Identify the line in which "Zoo - Happy Animals" appears, then reproduce that line and all remaining lines of the records word for word.

Records supplied:
● ● ● ●

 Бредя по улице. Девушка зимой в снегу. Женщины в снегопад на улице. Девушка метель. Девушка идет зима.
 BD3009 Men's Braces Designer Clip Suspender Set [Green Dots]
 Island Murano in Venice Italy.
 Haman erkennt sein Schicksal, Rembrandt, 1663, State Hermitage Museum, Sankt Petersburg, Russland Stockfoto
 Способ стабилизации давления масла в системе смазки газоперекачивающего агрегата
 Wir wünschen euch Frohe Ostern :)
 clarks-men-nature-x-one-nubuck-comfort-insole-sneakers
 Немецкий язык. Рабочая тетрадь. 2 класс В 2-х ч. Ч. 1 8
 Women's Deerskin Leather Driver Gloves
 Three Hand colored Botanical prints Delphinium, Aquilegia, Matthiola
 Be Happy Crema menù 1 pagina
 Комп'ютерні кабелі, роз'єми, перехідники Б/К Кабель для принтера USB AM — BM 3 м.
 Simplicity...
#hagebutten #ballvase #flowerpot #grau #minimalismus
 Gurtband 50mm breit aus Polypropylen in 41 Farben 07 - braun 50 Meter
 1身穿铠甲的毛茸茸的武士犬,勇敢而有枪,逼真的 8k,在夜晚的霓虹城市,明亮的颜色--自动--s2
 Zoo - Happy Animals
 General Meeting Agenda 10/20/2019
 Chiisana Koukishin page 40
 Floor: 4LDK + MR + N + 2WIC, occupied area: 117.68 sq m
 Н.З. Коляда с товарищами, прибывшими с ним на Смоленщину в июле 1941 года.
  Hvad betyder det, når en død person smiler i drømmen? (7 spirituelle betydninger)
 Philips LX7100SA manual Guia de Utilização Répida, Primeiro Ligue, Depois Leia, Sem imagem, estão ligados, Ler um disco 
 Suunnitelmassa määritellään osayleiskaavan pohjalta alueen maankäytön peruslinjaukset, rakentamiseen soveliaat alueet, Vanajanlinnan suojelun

● ● ● ●

Answer for this exercise:
 Zoo - Happy Animals
 General Meeting Agenda 10/20/2019
 Chiisana Koukishin page 40
 Floor: 4LDK + MR + N + 2WIC, occupied area: 117.68 sq m
 Н.З. Коляда с товарищами, прибывшими с ним на Смоленщину в июле 1941 года.
  Hvad betyder det, når en død person smiler i drømmen? (7 spirituelle betydninger)
 Philips LX7100SA manual Guia de Utilização Répida, Primeiro Ligue, Depois Leia, Sem imagem, estão ligados, Ler um disco 
 Suunnitelmassa määritellään osayleiskaavan pohjalta alueen maankäytön peruslinjaukset, rakentamiseen soveliaat alueet, Vanajanlinnan suojelun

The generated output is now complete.